Я моргнула, уставилась на него.
– Могу я что-нибудь сделать? – спросил он. Я смотрела на него и молчала. – Кэнни?
– Подойди ближе, – предложила я. – Я не кусаюсь. И не толкаюсь, – не смогла я не добавить.
Брюс подошел к кровати, бледный, нервный, а может, и несчастный, главным образом потому, что приходилось вновь накоротке общаться со мной. Я видела на его носу россыпь черных головок угрей, а по позе, по рукам, которые он не вынимал из карманов, по глазам, не покидавшим линолеум, понимала, что ему сейчас очень плохо, что он готов быть где угодно, но только не здесь. «Хорошо, – подумала я, чувствуя, как в груди закипает ярость. – Хорошо. Пусть помучается».
Брюс уселся на стул рядом с кроватью, бросая короткие взгляды на меня, на многочисленные трубки, на пикающие и гудящие приборы. Я надеялась, что его тошнит от одного их вида. Я надеялась, что их вид сильно его напугал.
– Я могу сказать тебе, сколько дней мы не разговаривали.
Брюс закрыл глаза.
– Я могу сказать тебе, как выглядит твоя спальня, какой она была, когда мы в последний раз были вместе.
Он попытался взять меня за руку.
– Кэнни, пожалуйста. Пожалуйста. Мне так жаль. – Когда-то я думала, что за эти слова готова отдать все. Он заплакал. – Я никогда не хотел... Я не хотел, чтобы все так вышло...
Я смотрела на него. Не чувствовала ни любви, ни ненависти. Не чувствовала ничего. Кроме жуткой слабости. Словно превратилась в столетнюю старуху. И в тот самый момент я поняла: сколько бы мне ни пришлось прожить, все эти годы я буду нести на себе это горе, как рюкзак с камнями.
Я закрыла глаза, зная, что между нами все кончено. Слишком много произошло всякого и разного, но исключительно плохого. Возможно, все начала я, сказав Брюсу, что нам какое-то время надо пожить врозь. А может, начал он, пойдя следом за мной с вечеринки. Но теперь все это уже не имело никакого значения.
Я отвернулась лицом к стене. Какое-то время спустя Брюс перестал плакать. А потом я услышала, как он уходит.
Наутро я проснулась от солнечного света, бьющего мне в лицо. Тут же моя мать влетела в дверь и пододвинула стул к кровати. Выглядела она не очень. Умела шутить, умела развеять ложные опасения, умела даже отчитать, но вот плакать точно не умела.
– Как ты себя чувствуешь? – спросила она.
– Отвратительно! – взвизгнула я, и мать аж отпрянула, стул на колесиках, на котором она сидела, откатился на середину палаты. Я продолжила тираду, не дожидаясь, пока она вернется на прежнее место. – Как, по-твоему, я себя чувствую?

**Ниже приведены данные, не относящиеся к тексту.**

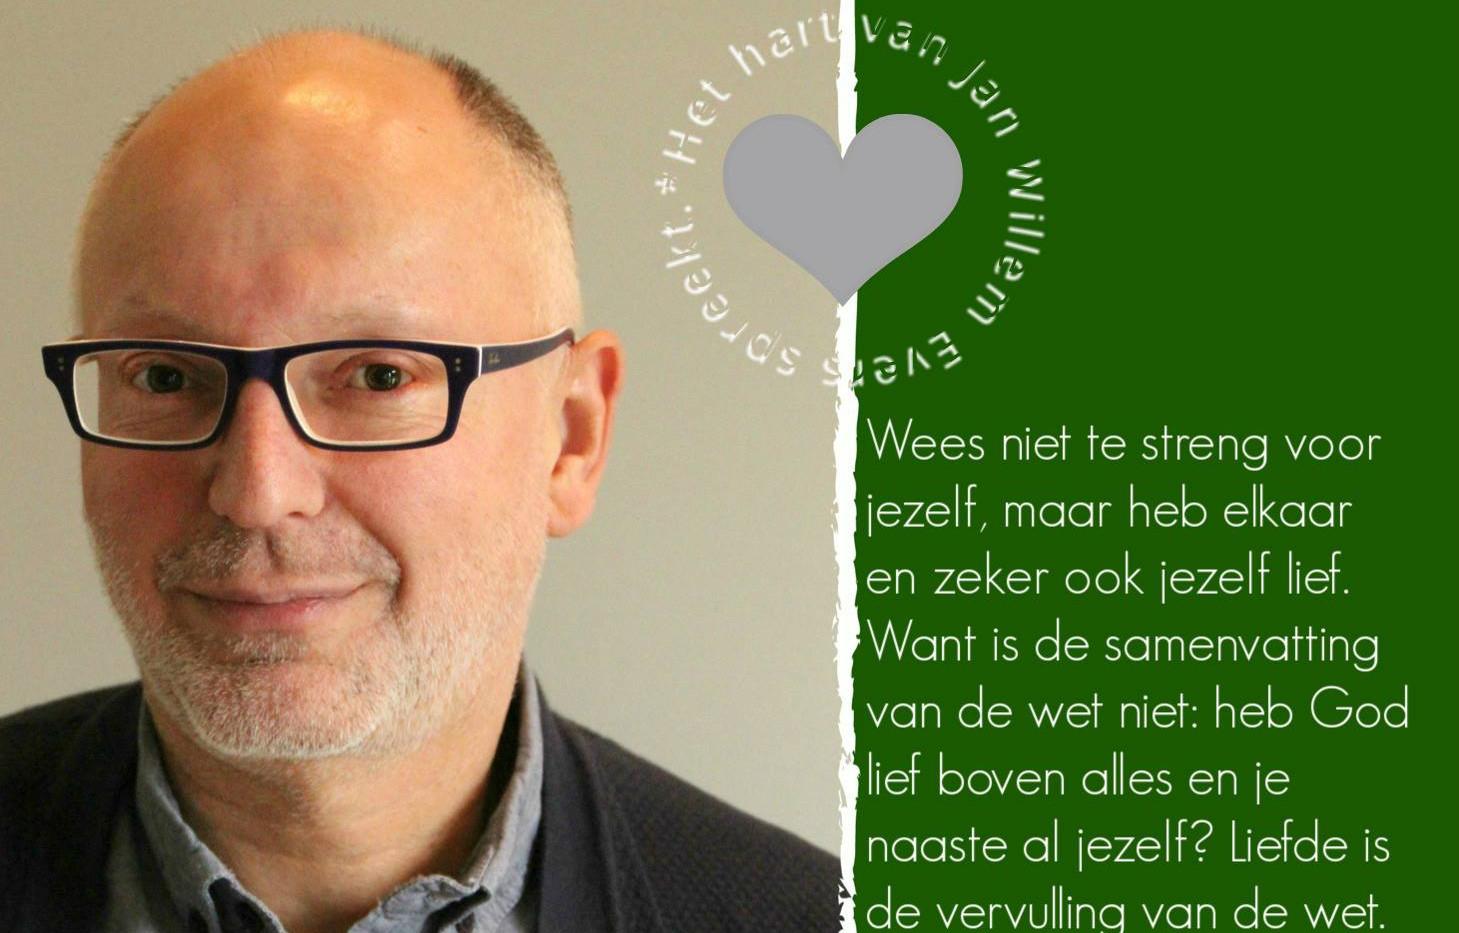 Jan Willem Evers

Я родила что-то непонятное, похожее на результат неудачного научного эксперимента, меня всю разрезали, мне бо-о-ольно... – Я закрыла лицо руками и плакала не меньше минуты. – Что-то со мной не так. Я дефективная. Лучше бы мне дали умереть...

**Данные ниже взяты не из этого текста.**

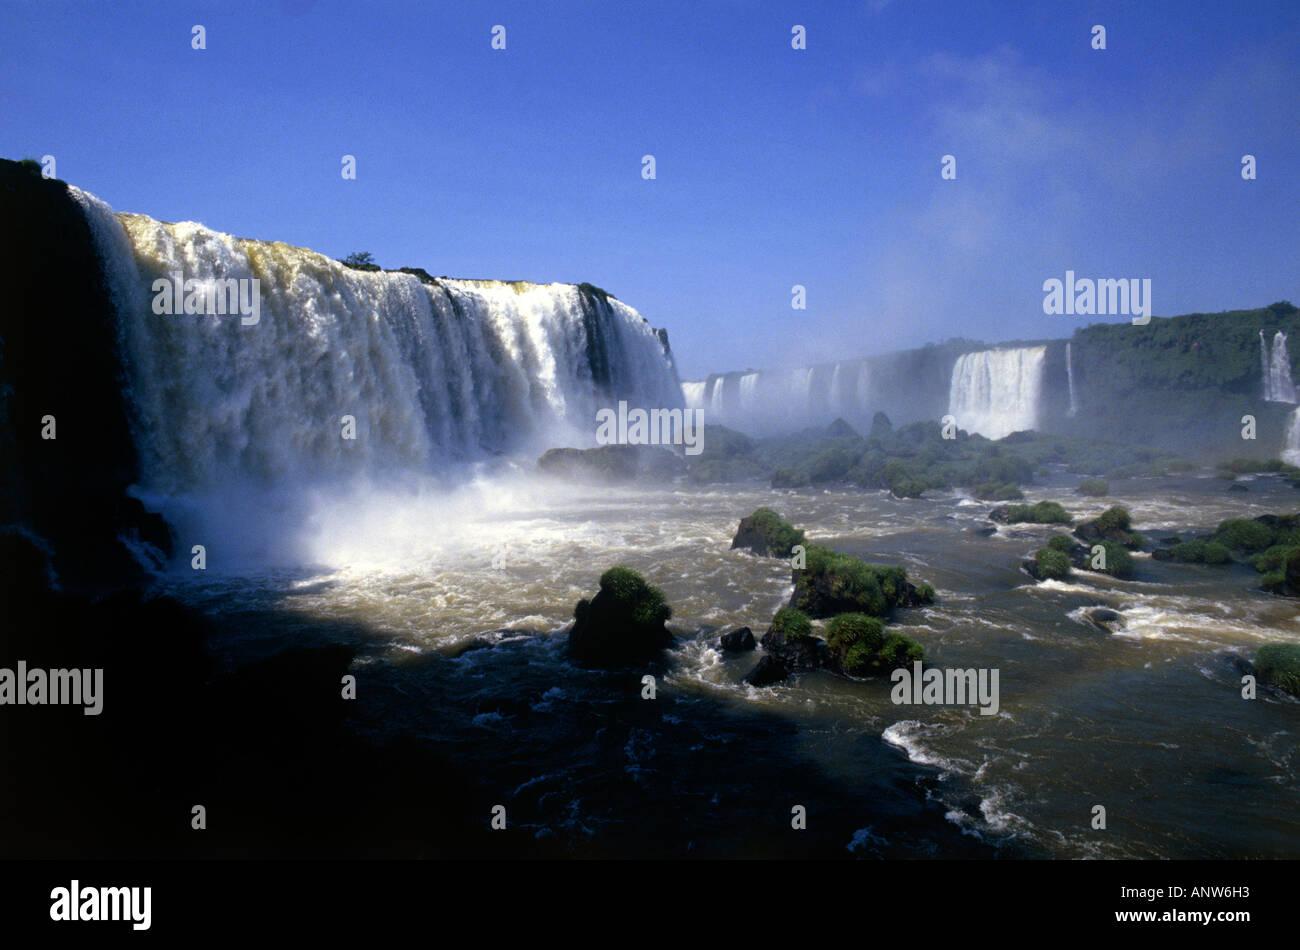 iguacu falls state of parana brazil - Stock Image

– О, Кэнни, нельзя так говорить.
– Никто меня не любит, – плакала я. – Отец не любил, Брюс не...
Мать потрепала меня по волосам.
– Нельзя так говорить, – повторила она. – У тебя прекрасный ребенок. – Она откашлялась, встала, зашагала взад-вперед. Такое происходило всегда, когда она собиралась сказать что-то неприятное.
– Сядь, – попросила я ее, и она села, но я видела, что одна нога у нее нервно подрагивает.
– Я поговорила с Брюсом.
Я шумно выдохнула. Не хотела даже слышать его имени. Мать это видела по выражению моего лица, но продолжала говорить:
– С Брюсом и его новой подругой.
– Толкалыцицей? – истерически взвизгнула я. – Ты ее видела?

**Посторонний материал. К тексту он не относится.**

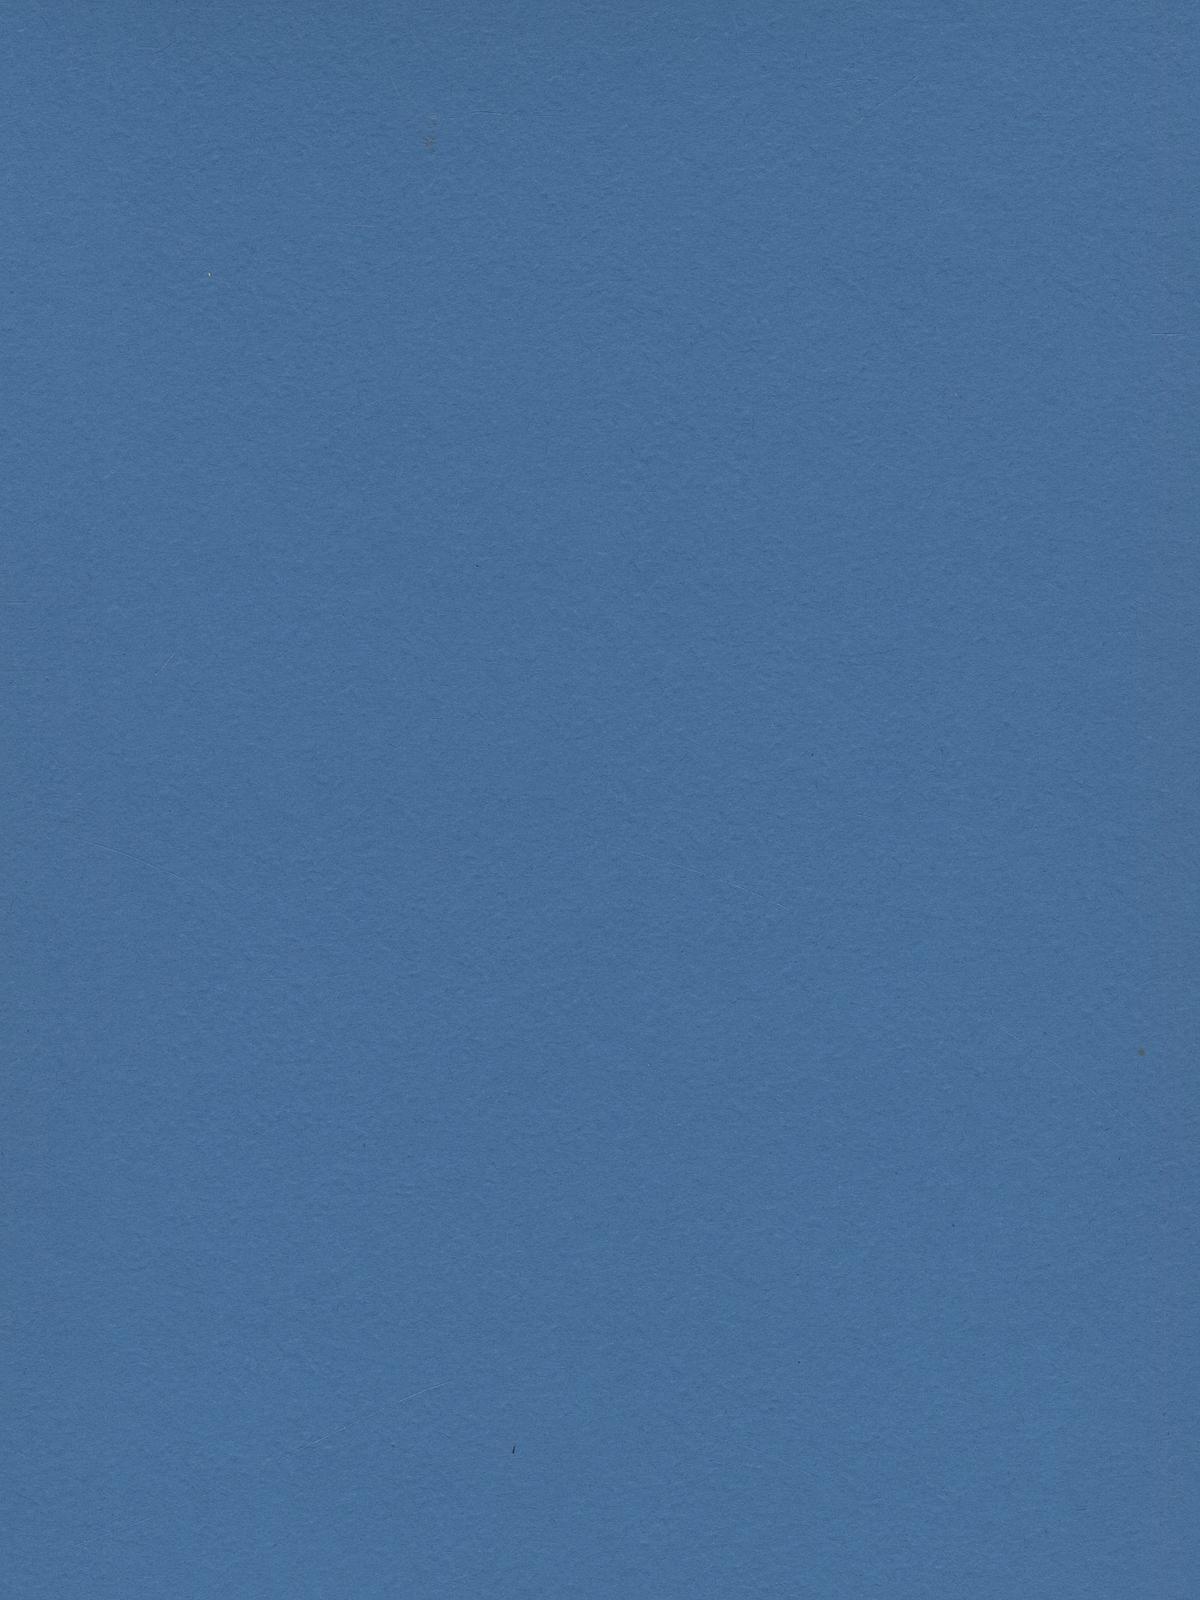 Classic Cardstock 8 1 2 In. X 11 In. Nautical Blue Medium Sheet

– Кэнни, она очень огорчена, что все так вышло. Они оба огорчены.
– И правильно, – сердито бросила я. – Брюс мне ни разу не позвонил за все время, пока я была беременна, а потом Толкалыцица сделала свое черное дело...
Мать мой тон просто ошеломил.
– У врачей нет уверенности, что привело к...
– Это не важно, – оборвала ее я. – Я точно знаю, что привело, и, надеюсь, эта тупая сучка тоже знает.